The Wilsons initially told only several of their friends about NorthPress and claimed they intended only their friends to know about it, but word about the site quickly spread to the study body at their school. The school initially suspended the Wilsons for ten days, and after the matter went through further proceedings at the school district level, the Wilsons were suspended for 180 days but allowed to enroll in another school for the duration of their suspensions. The Wilsons filed a lawsuit for a preliminary injunction to lift the suspensions. The district court granted the preliminary injunction, but on appeal, the Eighth Circuit reversed.
Reviewing cases that analyze the applicability of Tinker to off-campus student speech, the Eighth Circuit ruled that the blog posts in question targeted the school, could reasonably be expected to reach the school or impact the environment, and caused considerable disturbance and disruption. As a result, the Wilsons were unlikely to succeed on the merits, and so they were not entitled to an injunction.
LegalTXTS Lesson: Cyberbullying is a serious issue, but schools should be careful not to overreact. The reality is that much of the online material students post and share these days has a good chance of offending someone or being considered inappropriate by adults. That doesn’t give schools the authority to police online content however they like. Off-campus speech is punishable when it threatens to endanger danger to another student or cause substantial disruption in the school environment, but not merely because some would find it “inappropriate.”
How this rule is applied, however, depends on the sensitivity of the court.

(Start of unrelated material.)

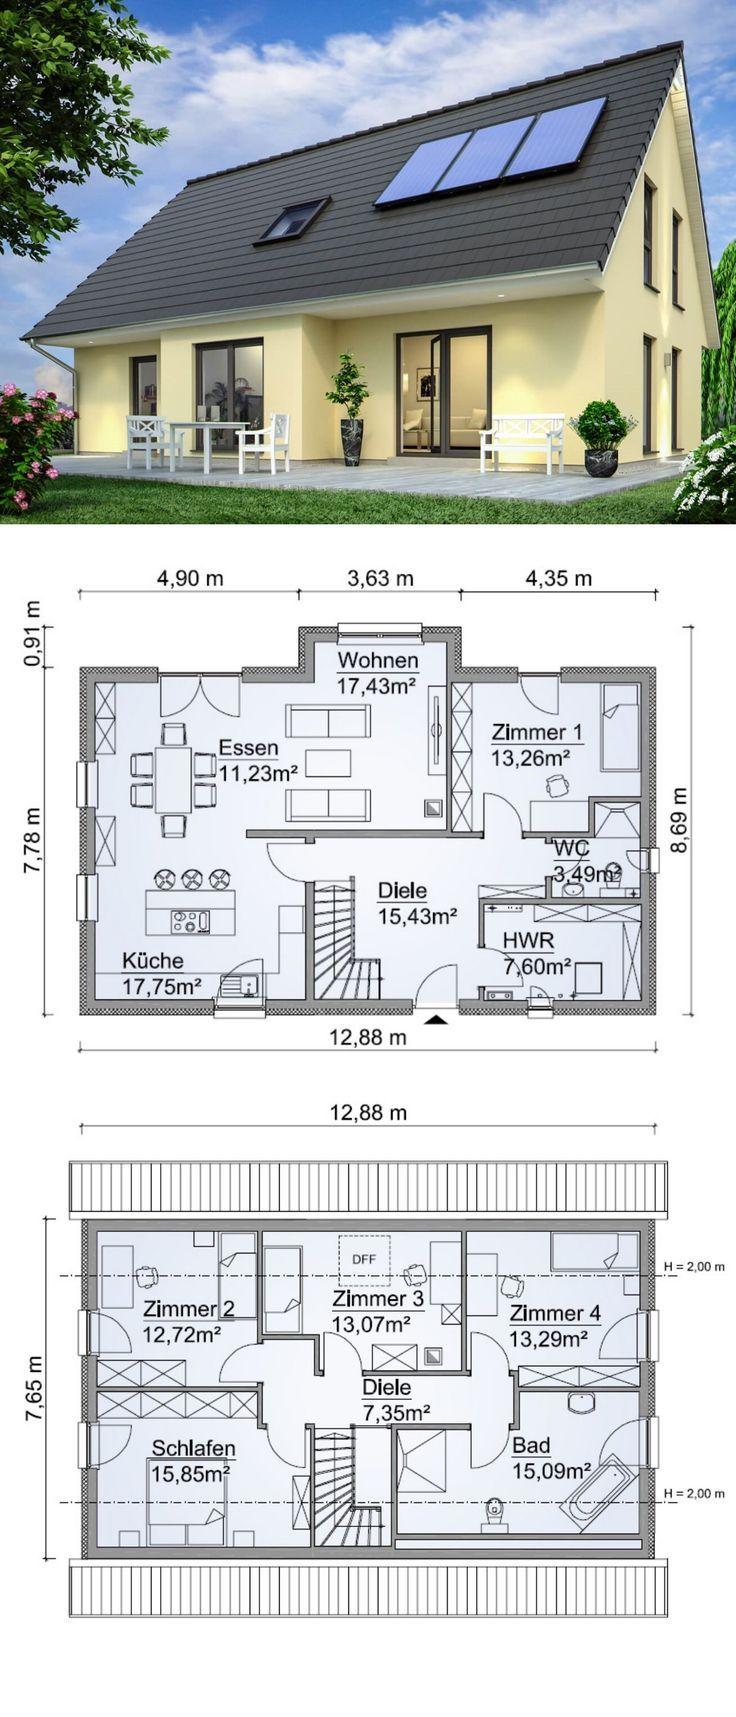 Modernes Einfamilienhaus mit Satteldach Architektur & Grundriss mit Erker Anbau … – Einfamilienhaus – Ideen & Grundrisse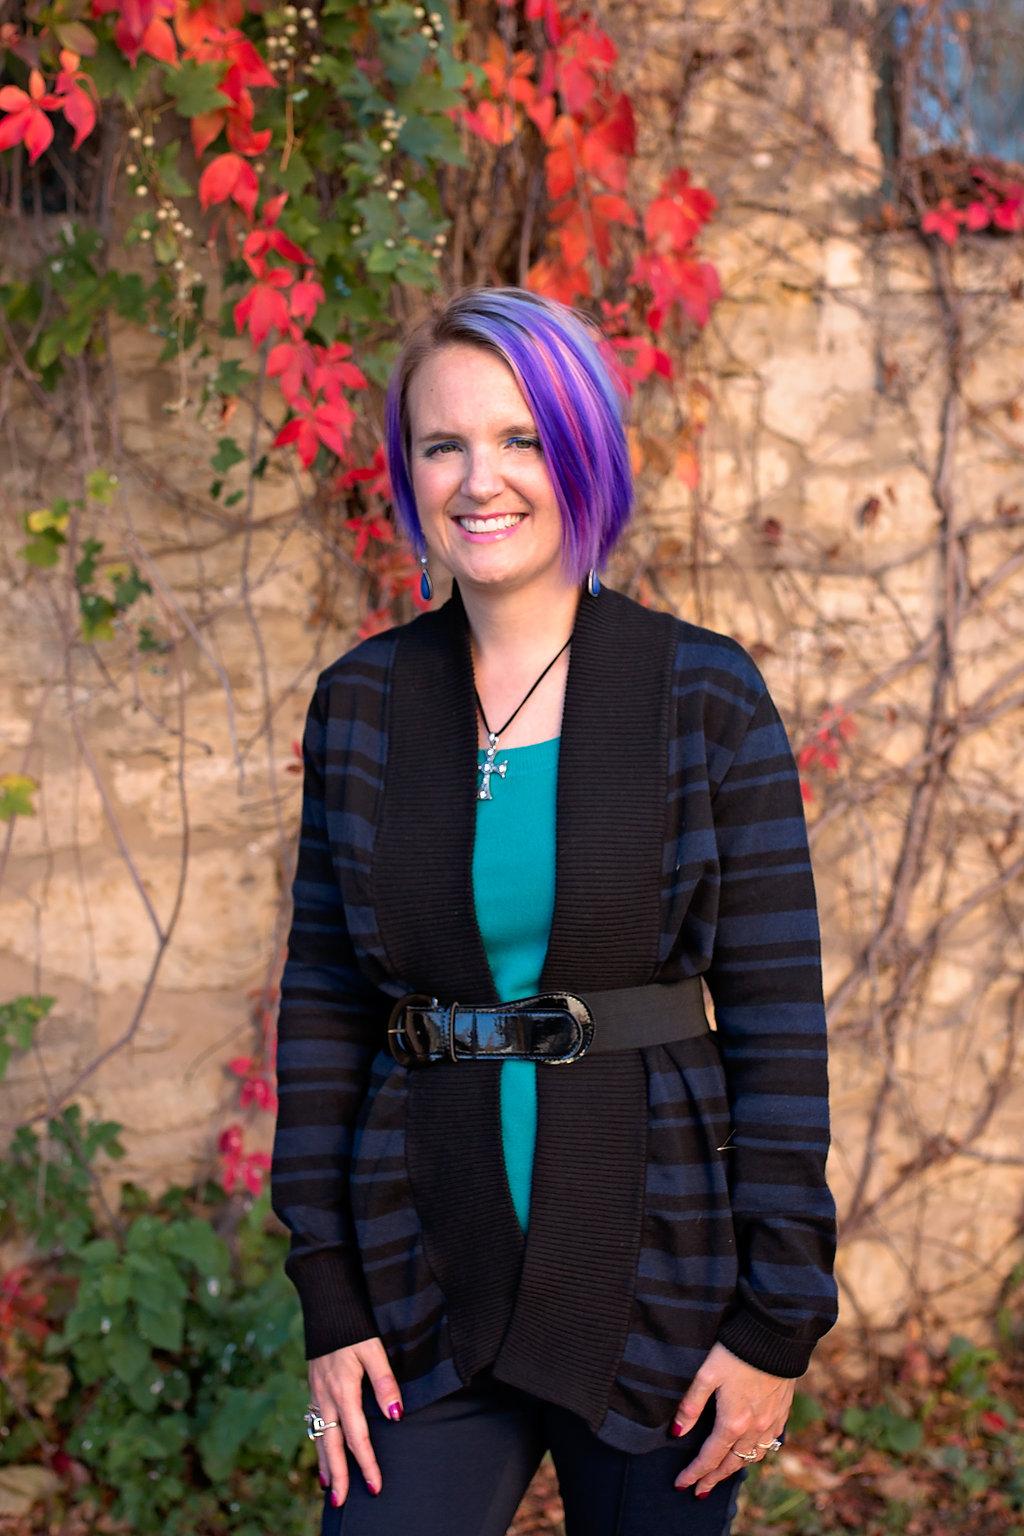 Julie Eklund

The courts in R.S. and S.J.W. could have gone either way. The court in R.S. could have concluded that the sexual conversations between two very young students presented a risk of substantial disruption in the classroom. On the other hand, the court in S.J.W. could have held that the blog was never targeted at the school community, and therefore, its contents did not justify meting out school discipline. Perhaps we’ll get more consistency in court rulings after Supreme Court decides to weigh in on the constitutional limits to combating cyberbullying.